Understanding Reciprocal Lattice Vectors and Orthogonality in Primitive Lattices

[torehan]

f(\vec{r}) = f(\vec{r}+\vec{T})

\vec{T}= u_{1} \vec{a_{1}} + u_{2} \vec{a_{2}}+u_{3} \vec{a_{3}}

u_{1},u_{2},u_{3} are integers.

f(\vec{r}+\vec{T})= \sum n_{g} e^{(i\vec{G}.(\vec{r}+\vec{R}) )}= f(\vec{r})

e^{i\vec{G}.\vec{R} }= 1
\vec{G}.\vec{R} = 2\pi m

we call \vec{G}=h\vec{g_{1}} + k \vec{g_{2}}+l \vec{g_{3}} reciprocal lattice vector.

but what about the primitive lattice vectors \vec{g_{1}} , \vec{g_{2}} , \vec{g_{3}} ?

To simplify the discussion consider \vec{T_{1}} in 1D;

\vec{T_{1}} = u_{1} \vec{a_{1}}

\vec{G}.\vec{T} =(h\vec{g_{1}} + k \vec{g_{2}}+l \vec{g_{3}}) . ( u_{1} \vec{a_{1}}) = 2 \pi m

Is there any definiton that indicates direct primitive lattice vectors and reciprocal primitive lattice vectors orthogonalities?
i.e

\vec{g_{1}} . \vec{a_{1}} = 2 \pi

\vec{g_{2}} . \vec{a_{1}} = \vec{g_{3}} . \vec{a_{1}} = 0

 

[kanato]

g1,g2,g3 are the primitive vectors for the reciprocal lattice.
And the orthogonality condition is \vec{a}_i \cdot \vec{g}_j = 2\pi \delta_{i,j}

A trick for calculating the reciprocal vectors is to form the matrix A where the columns are the direct lattice vectors, and the matrix G where the columns are the reciprocal lattice vectors. Then you have
G^T \cdot A = 2\pi I
so
G = 2\pi (A^{-1})^T

 

[torehan]

I is 3x3 identity martix isn't it?

 

[kanato]

yes it is

 

[torehan]

It's still confusing for me..
so how can I invers a (1x3) matrix?

 

[corydalus]

You can get the vectors \vec{g_1}, \vec{g_2}, \vec{g_3} without using any matrices. To do this use the following formulas:
\vec{g_1}=2\pi\frac{[\vec{a_2},\vec{a_3}]}{\vec{a_1}[\vec{a_2},\vec{a_3}]}, \vec{g_2}=2\pi\frac{[\vec{a_3},\vec{a_1}]}{\vec{a_1}[\vec{a_2},\vec{a_3}]}, \vec{g_3}=2\pi\frac{[\vec{a_1},\vec{a_2}]}{\vec{a_1}[\vec{a_2},\vec{a_3}]}.

 

[kanato]

A and G are 3x3 matrices, not 1x3 matrices. The columns of A are the vectors of your lattice:
A = \left( <br /> \left( \! \! \begin{array}{c}\\ \vec{a}_1 \\ \, \end{array} \!\! \right)<br /> \left( \! \! \begin{array}{c}\\ \vec{a}_2 \\ \, \end{array} \!\! \right)<br /> \left( \! \! \begin{array}{c}\\ \vec{a}_3 \\ \, \end{array} \!\! \right) \right)

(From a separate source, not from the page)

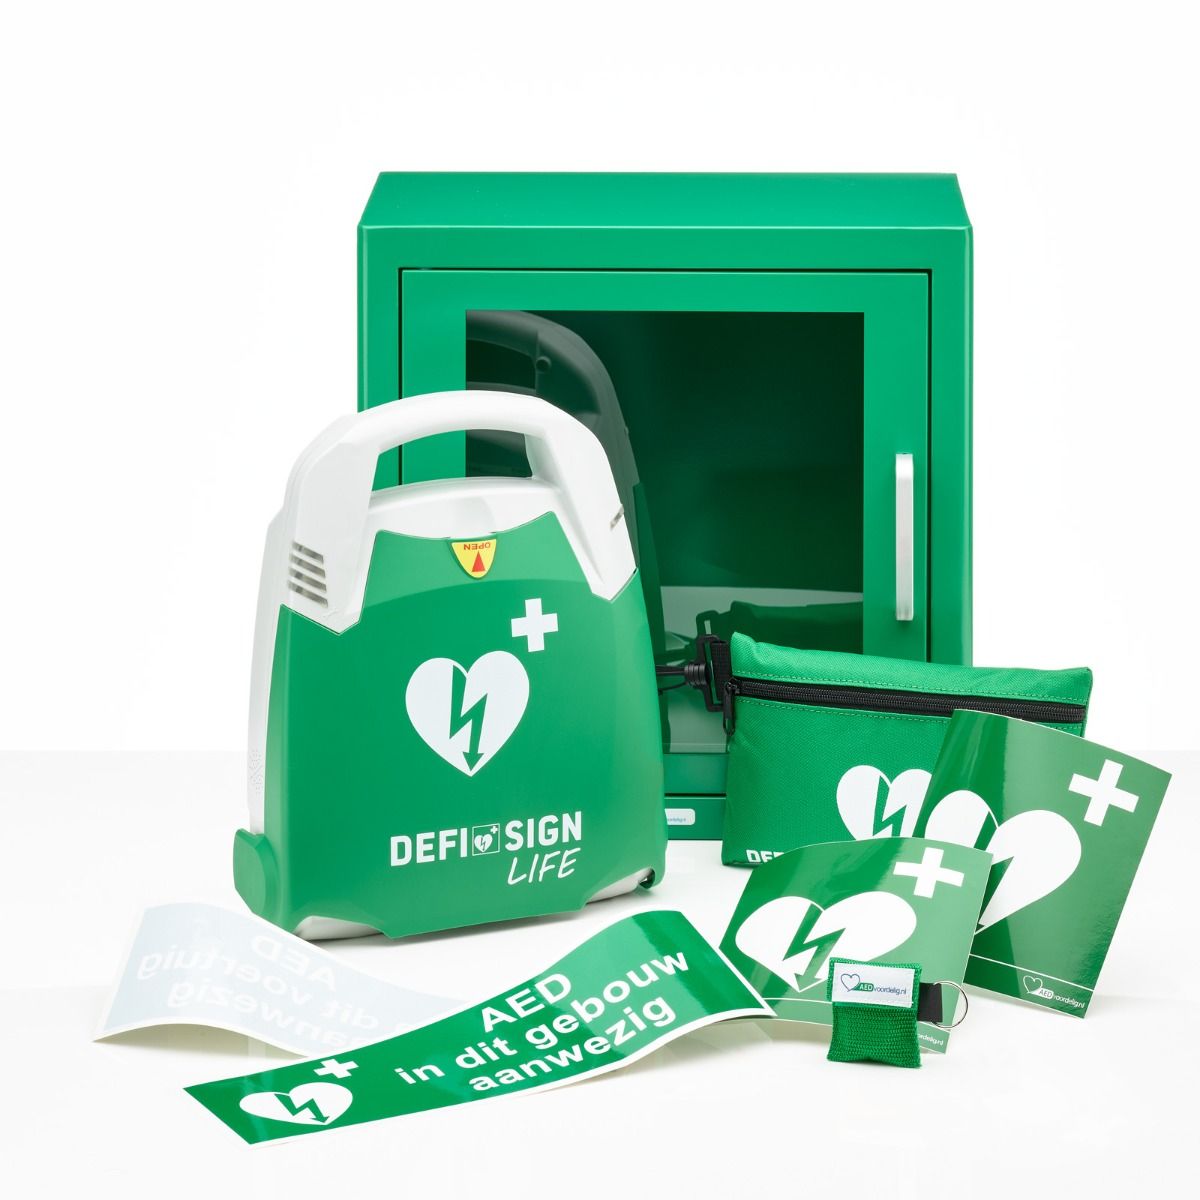 DefiSign Life AED + binnenkast-Groen-Volautomaat-NL/ENG/DE

Personally, I think this is easier than manually evaluating three separate cross products. But either way works.

 

[torehan]

You can get the vectors \vec{g_1}, \vec{g_2}, \vec{g_3} without using any matrices. To do this use the following formulas:
\vec{g_1}=2\pi\frac{[\vec{a_2},\vec{a_3}]}{\vec{a_1}[\vec{a_2},\vec{a_3}]}, \vec{g_2}=2\pi\frac{[\vec{a_3},\vec{a_1}]}{\vec{a_1}[\vec{a_2},\vec{a_3}]}, \vec{g_3}=2\pi\frac{[\vec{a_1},\vec{a_2}]}{\vec{a_1}[\vec{a_2},\vec{a_3}]}.

Thanks but the discussion is how we get these formulas.

A and G are 3x3 matrices, not 1x3 matrices. The columns of A are the vectors of your lattice:
A = \left( <br /> \left( \! \! \begin{array}{c}\\ \vec{a}_1 \\ \, \end{array} \!\! \right)<br /> \left( \! \! \begin{array}{c}\\ \vec{a}_2 \\ \, \end{array} \!\! \right)<br /> \left( \! \! \begin{array}{c}\\ \vec{a}_3 \\ \, \end{array} \!\! \right) \right)

Personally, I think this is easier than manually evaluating three separate cross products. But either way works.

O.K , as you said a_i and g_i must be vectors which has three components. The question is what are these components?